The path of the righteous man is beset on all sides by the iniquities of the selfish and the tyranny of evil men. Blessed is he, who in the name of charity and good will, shepherds the weak through the valley of darkness, for he is truly his brother's keeper and the finder of lost children. And I will strike down upon thee with great vengeance and furious anger those who would attempt to poison and destroy my brothers. And you will know my name is the Lord when I lay my vengeance upon thee.

_Jules_ ~ Pulp Fiction


----------



## willyhunting (Apr 21, 2006)

The Funniest movie ever, Blazin' Saddles.

"Somebodys gotta go back and get a **** load of dimes!"
At the toll booth in the desert....

Too Many others to list..


----------



## rayfish (Apr 5, 2006)

Say hello to my little friend. Scarface


----------



## IkanRaja (Jun 1, 2004)

*Dundee*

that's not a knife...THIS is a knife!


----------



## Blk Jck 224 (Oct 16, 2009)

HydraSports said:


> Tombstone Doc Holliday, "I'm your huckleberry"


Why Johnny Ringo...Looks like somebody just walked over your grave.

Fight's not with you Holiday...I was just foolin about.

I wasn't...play for blood...remember...


----------



## Blk Jck 224 (Oct 16, 2009)

*Jaws*

We're going to need a bigger boat...


----------



## RedFisch (Jan 15, 2009)

"Are you going to bark all day little doggie or are you going to bite?" Michael Madsen, Resevoir Dogs


----------



## Rusty S (Apr 6, 2006)

Some People just need Killing. Clay Pidgeons. Best Movie never saw==Vince Vaughn, Joaquin Phoenix, Jeanine Guarafilio.. Check it out out. rs


----------



## Life Aquatic (Oct 24, 2006)

*Princess Leia*: Why, you stuck up, half-witted, scruffy-looking Nerf herder. 
*Han Solo*: Who's scruffy-looking?


----------



## slopoke (Jul 10, 2005)

Peter Clemenza: "Leave the gun. Take the cannoli."

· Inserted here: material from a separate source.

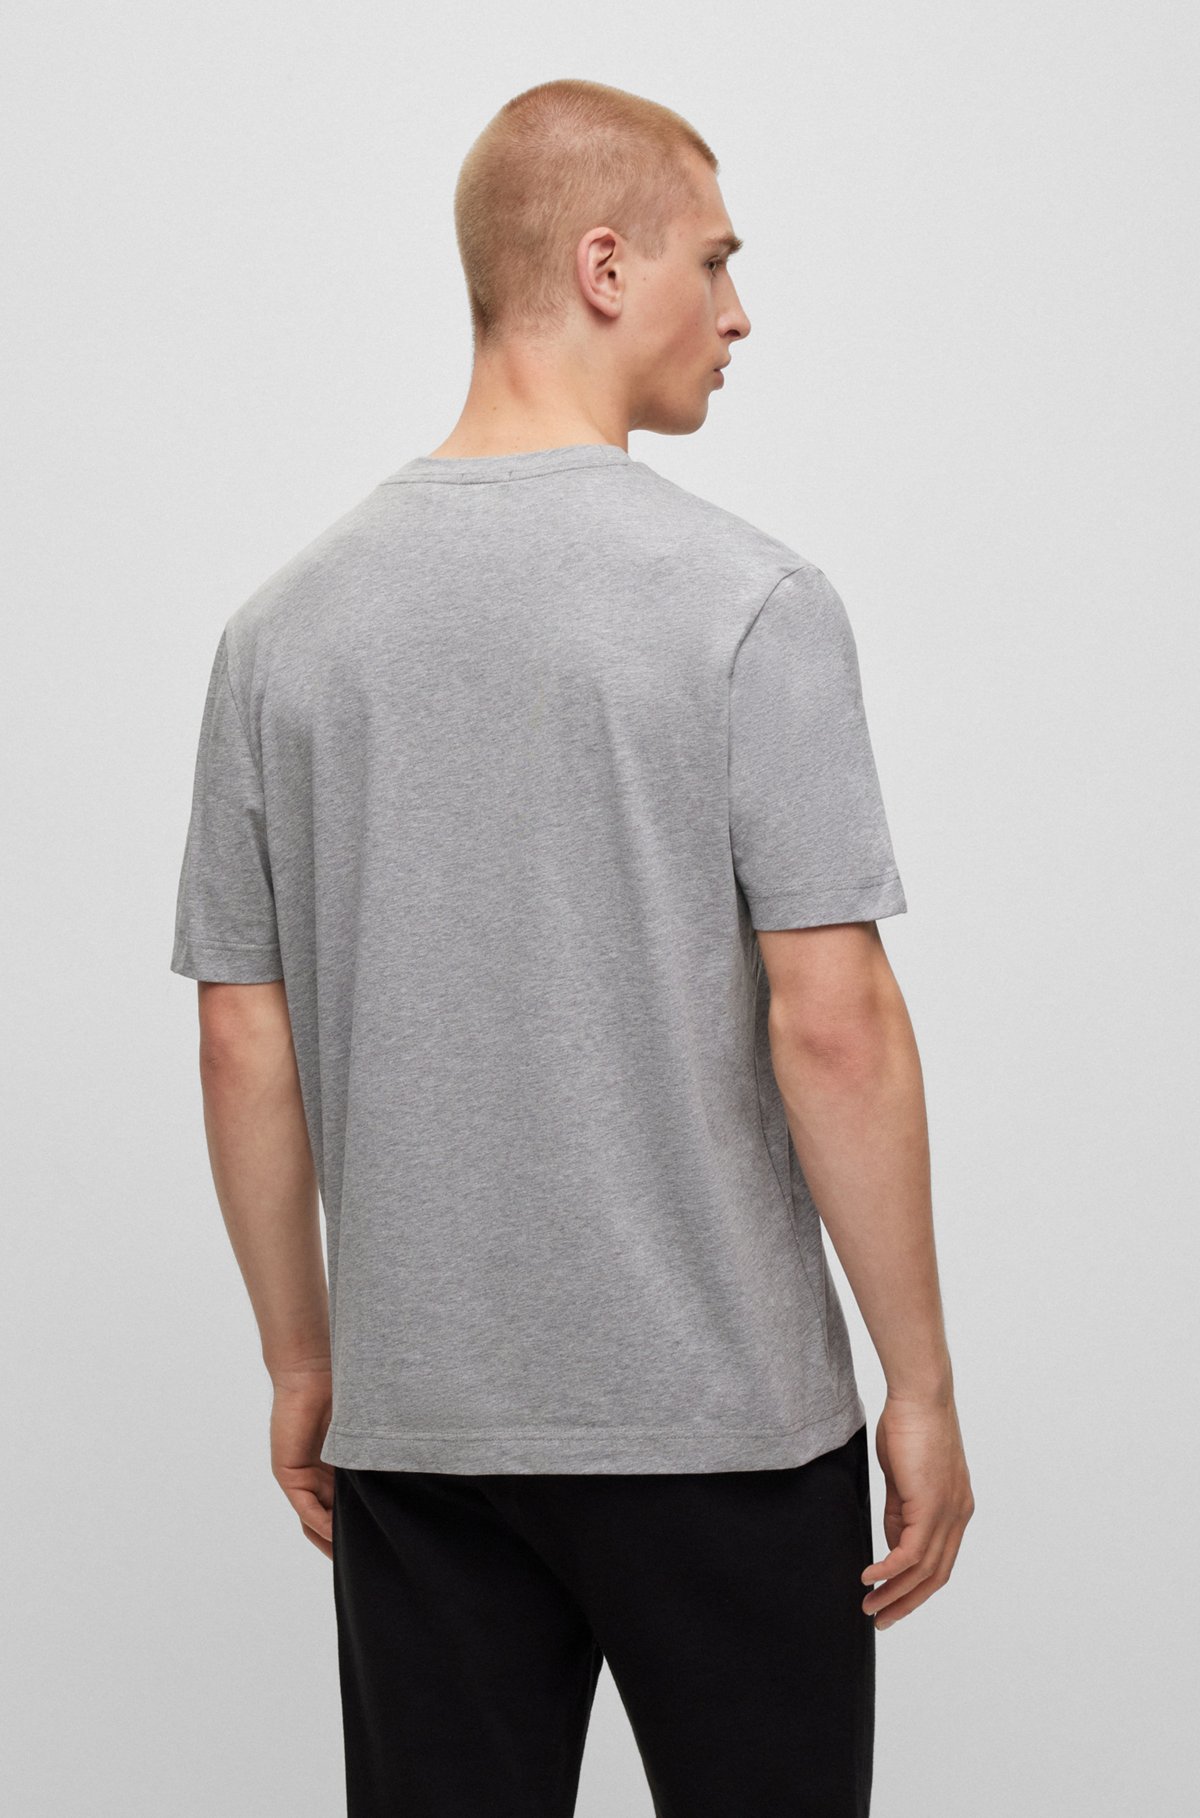 T-shirt Relaxed Fit en coton stretch, à logo imprimé, Gris chiné
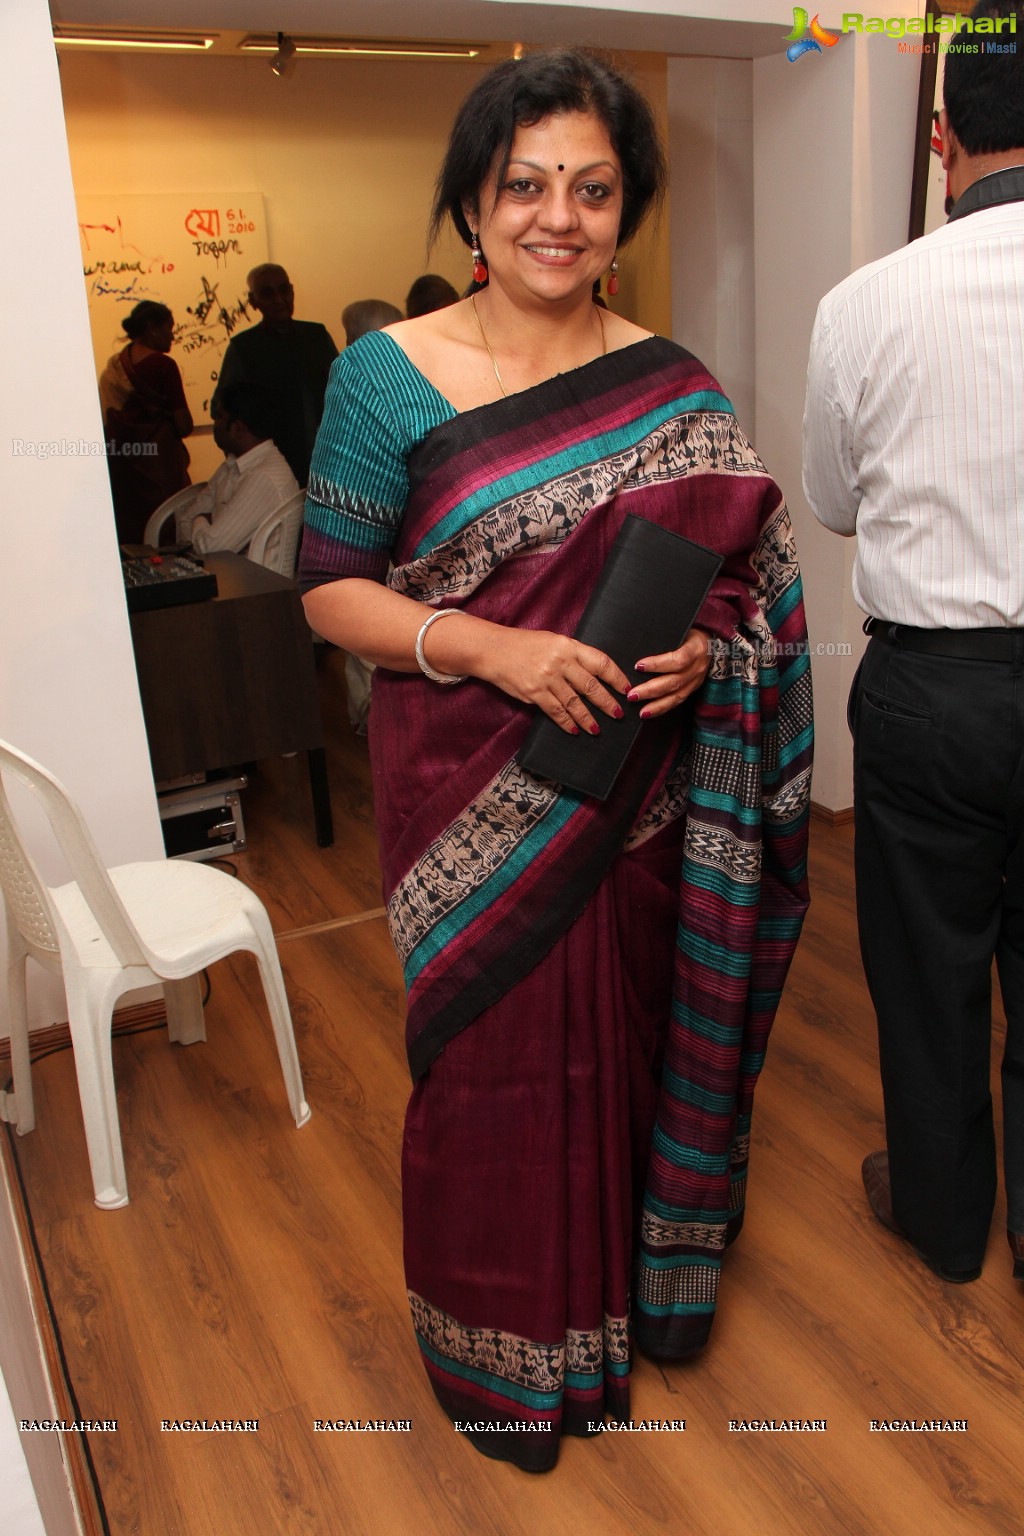 Krishnakriti Annual Festival of Art & Culture 2014 at Kalakriti Art Gallery, Hyderabad

Will Munny: "Well, you sure killed the hell outta that fella today."


----------



## RACK EM UP 31 (Jan 9, 2010)

Tell my mother I love her.

But Llewelyn, your mother’s dead.

Then I’ll tell her myself.

- No Country For Old Men


----------



## Miles2Fish (Dec 2, 2008)

Strange Brew.......

It's my last one......Go......Go.....It's a Jelly.....


----------



## Hotrod (Oct 11, 2006)

This movie has the best quotes of all time! At 3:55 is the best one and 6:12 . I dont think there is another movie that can touch it.






.


----------



## Empireboats (Mar 8, 2009)

"Your boys might get me in a rush, but now before I make your head into a canoe, you got that Ike."

Tombstone.


----------



## Never easy (Mar 20, 2006)

You all know me. You know how I earn a livin'. I'll catch this bird for ya, but it ain't gonna be easy. Bad fish! Not like goin' down to the pond chasing bluegills or tommycats. This shark will swallow you whole. Shakin'. Tenderizin'. Down you go. Now we got to do it quick. That'll bring back the tourists and it'll put all your businesses on a payin' basis. But it's not gonna be pleasant. I value my neck a lot more than three thousand bucks, Chief. I'll find him for three, but I'll catch him and kill him for ten. You've got to make up your minds. Gonna stay alive and ante up? Or want to play it cheap, be on welfare the whole winter. I don't want no volunteers. I don't want no mates. There's too many captains on this island. $10,000 dollars for me by myself. For that, you get the head, the tail, the whole **** thing


----------



## baykruzer (May 22, 2004)

Micky Rooney- Here ya go boys, you can eat these with the skins on em.


----------



## Nwilkins (Jan 18, 2009)

Fletch

I'm afraid I'm gonna have to pull rank on you. I didn't want to have to do this. I'm with the Mattress Police. There are no tags on these mattresses. 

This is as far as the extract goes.